=== Information supplied ===
+ + + + + + +

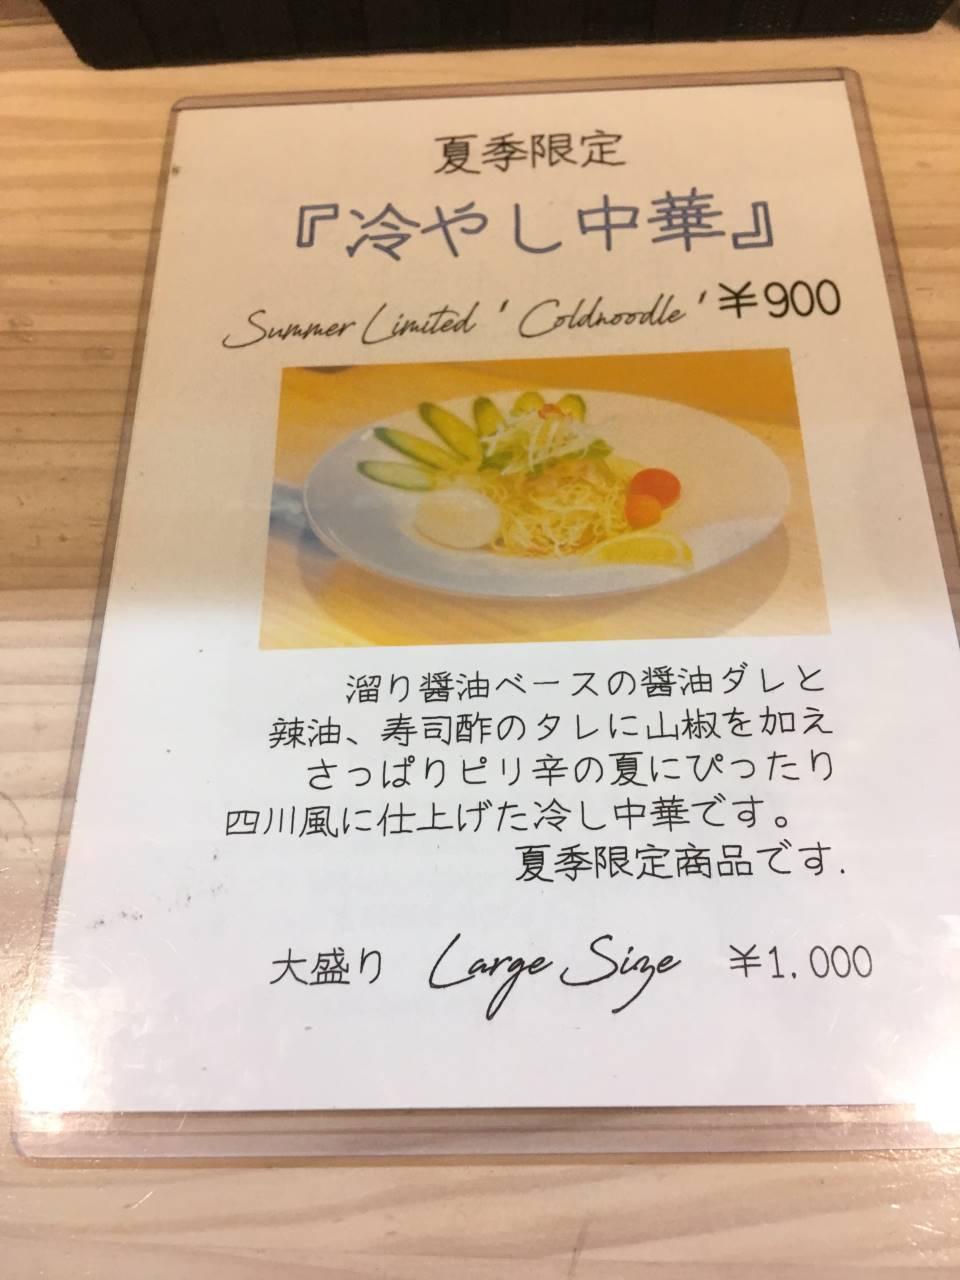 季節限定「冷やし中華」:渋谷駅近くのラーメン屋、吉法師のメニュー2
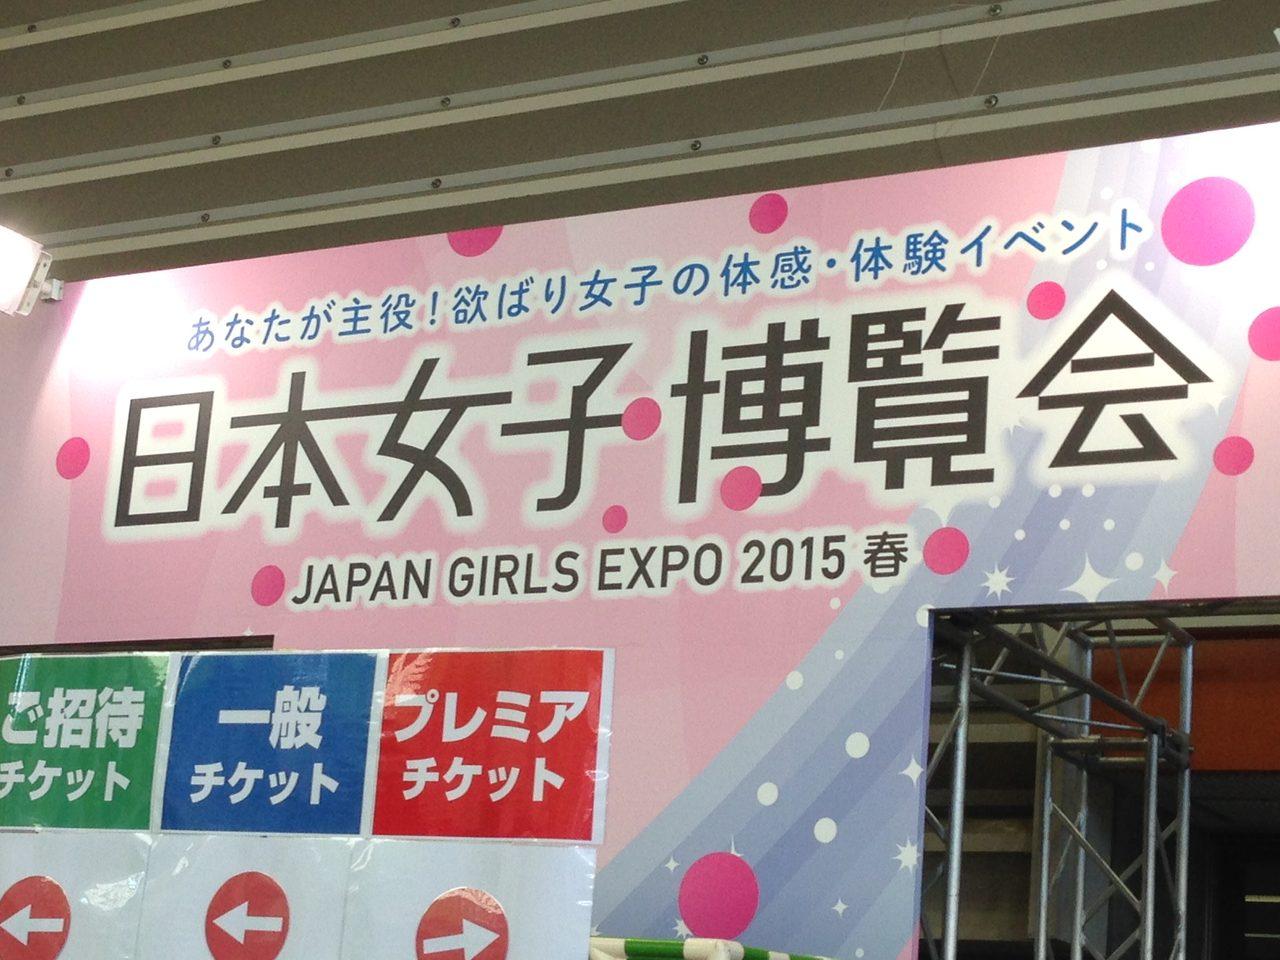 画像1: ガールズカルチャーを集めた夢の祭典「日本女子博覧会」に行ってきた
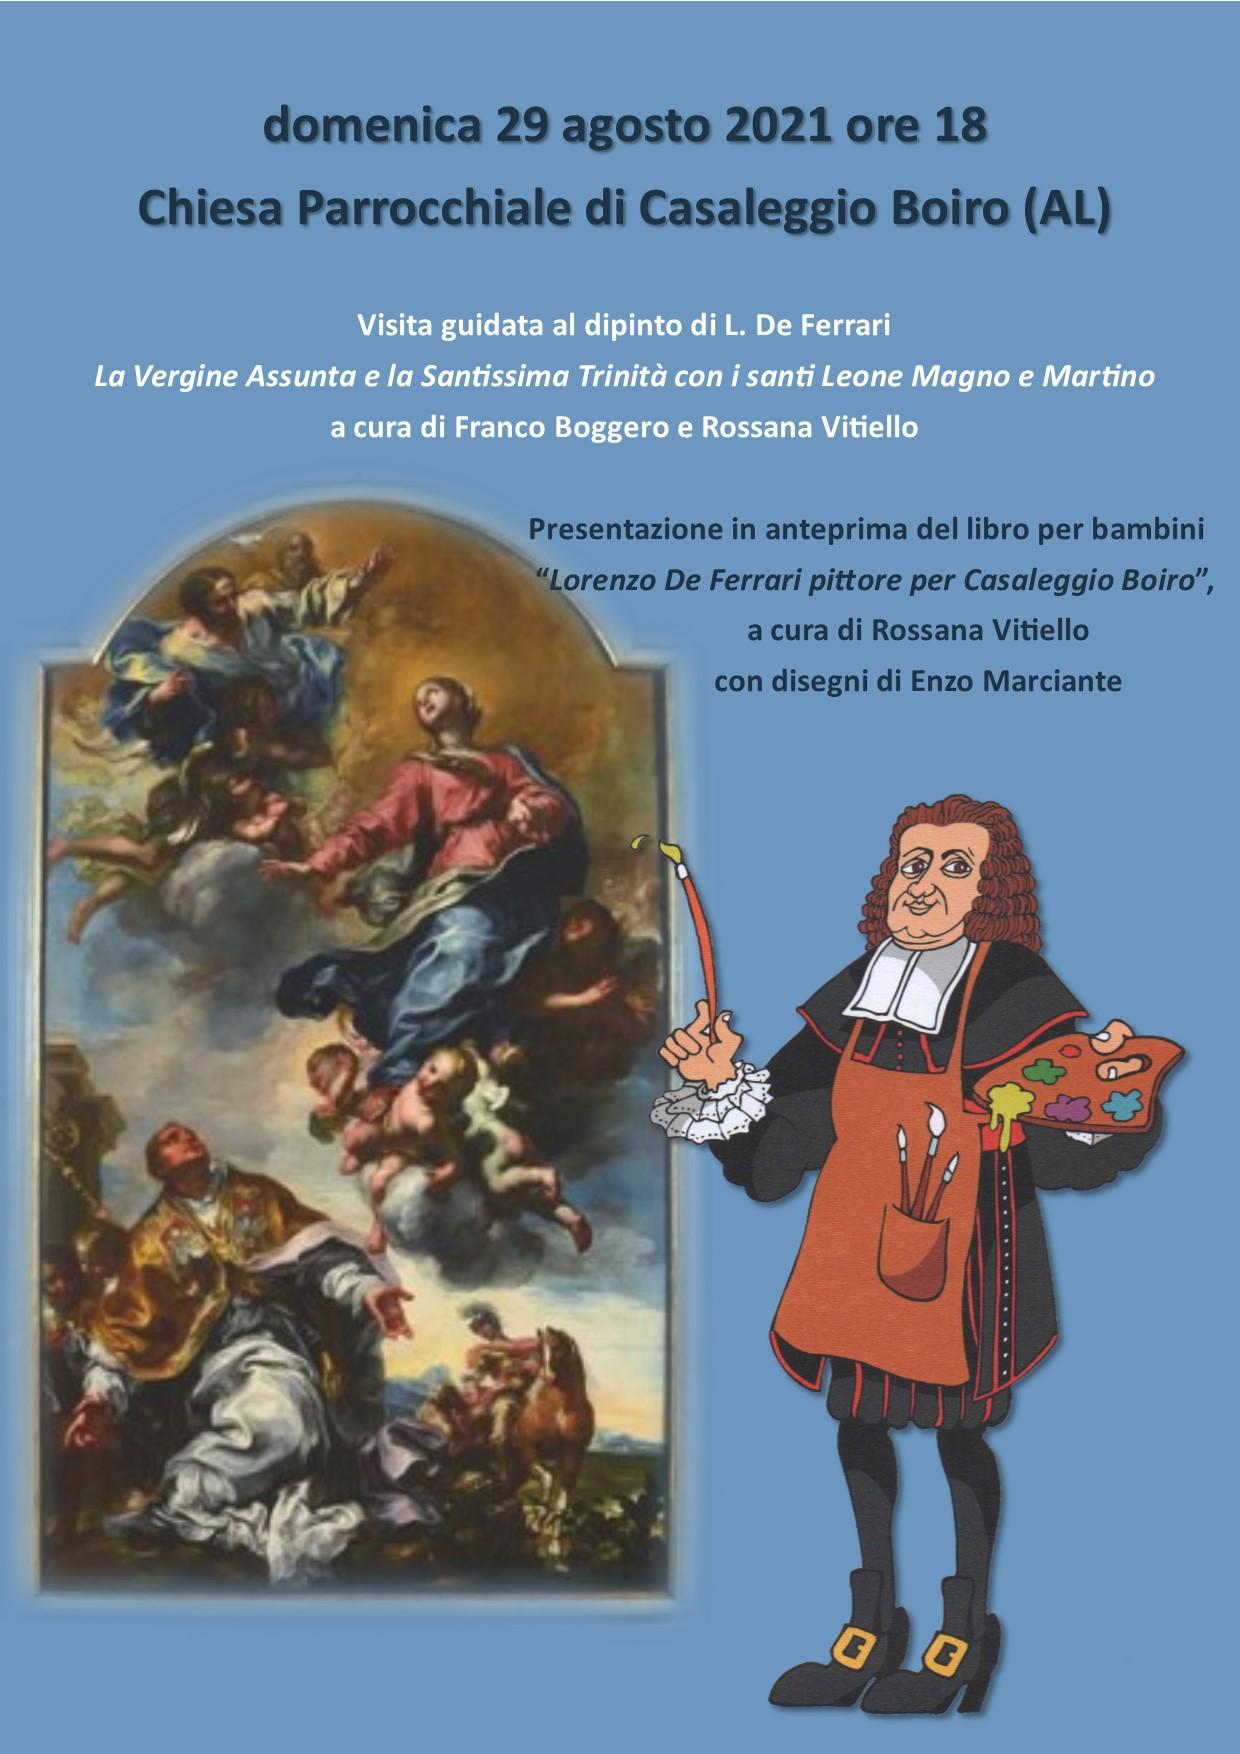 locandiina evento visita guidata e presentazione libro a casaleggio boiro
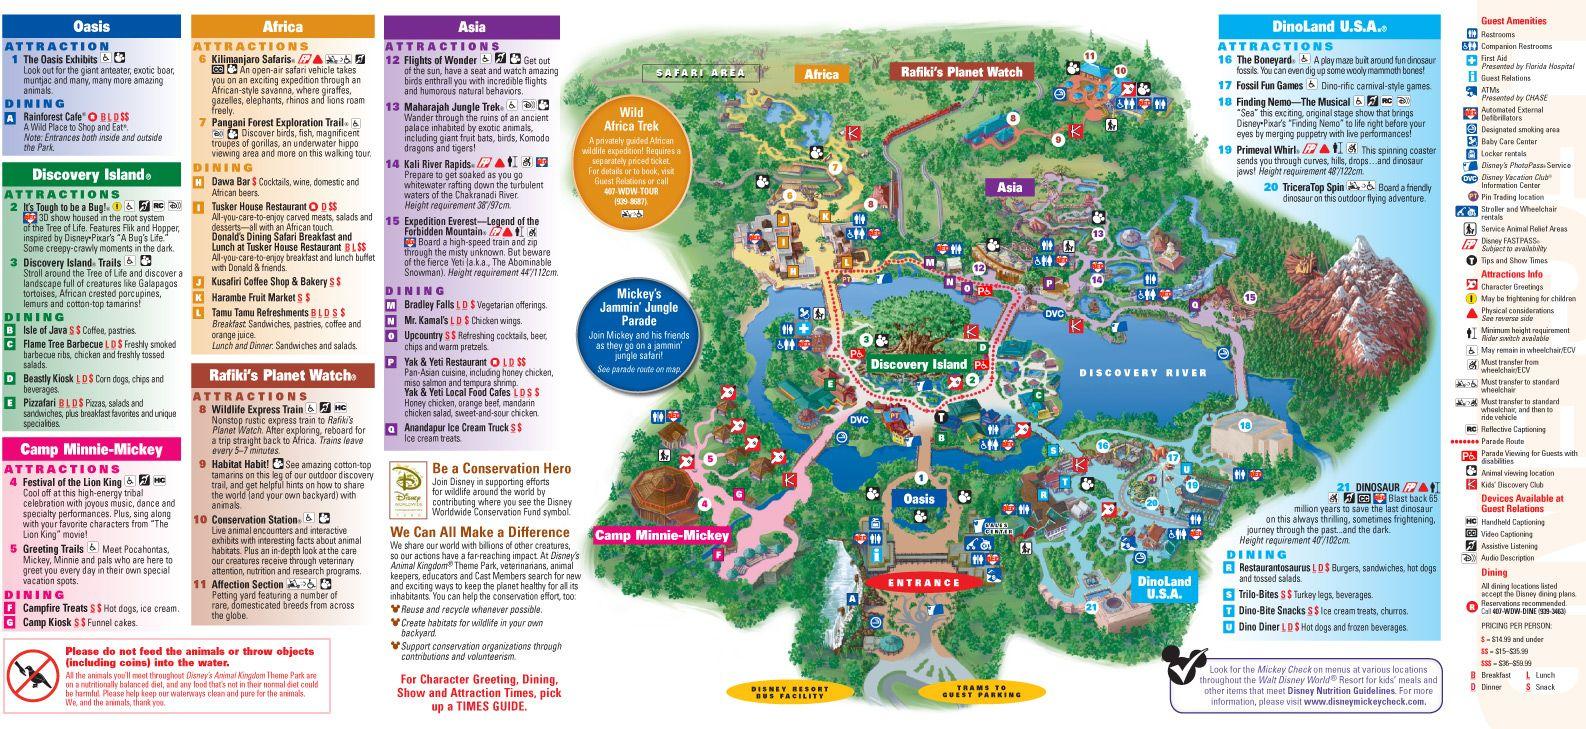 Printable+Animal+Kingdom+Map+2014 | ... Park and Resort Maps ...

+ + + + + + +

=== Task requirements ===
Print the data above exactly, minus pictures.

=== Solution below ===
 季節限定「冷やし中華」:渋谷駅近くのラーメン屋、吉法師のメニュー2
 画像1: ガールズカルチャーを集めた夢の祭典「日本女子博覧会」に行ってきた
 locandiina evento visita guidata e presentazione libro a casaleggio boiro
 Printable+Animal+Kingdom+Map+2014 | ... Park and Resort Maps ...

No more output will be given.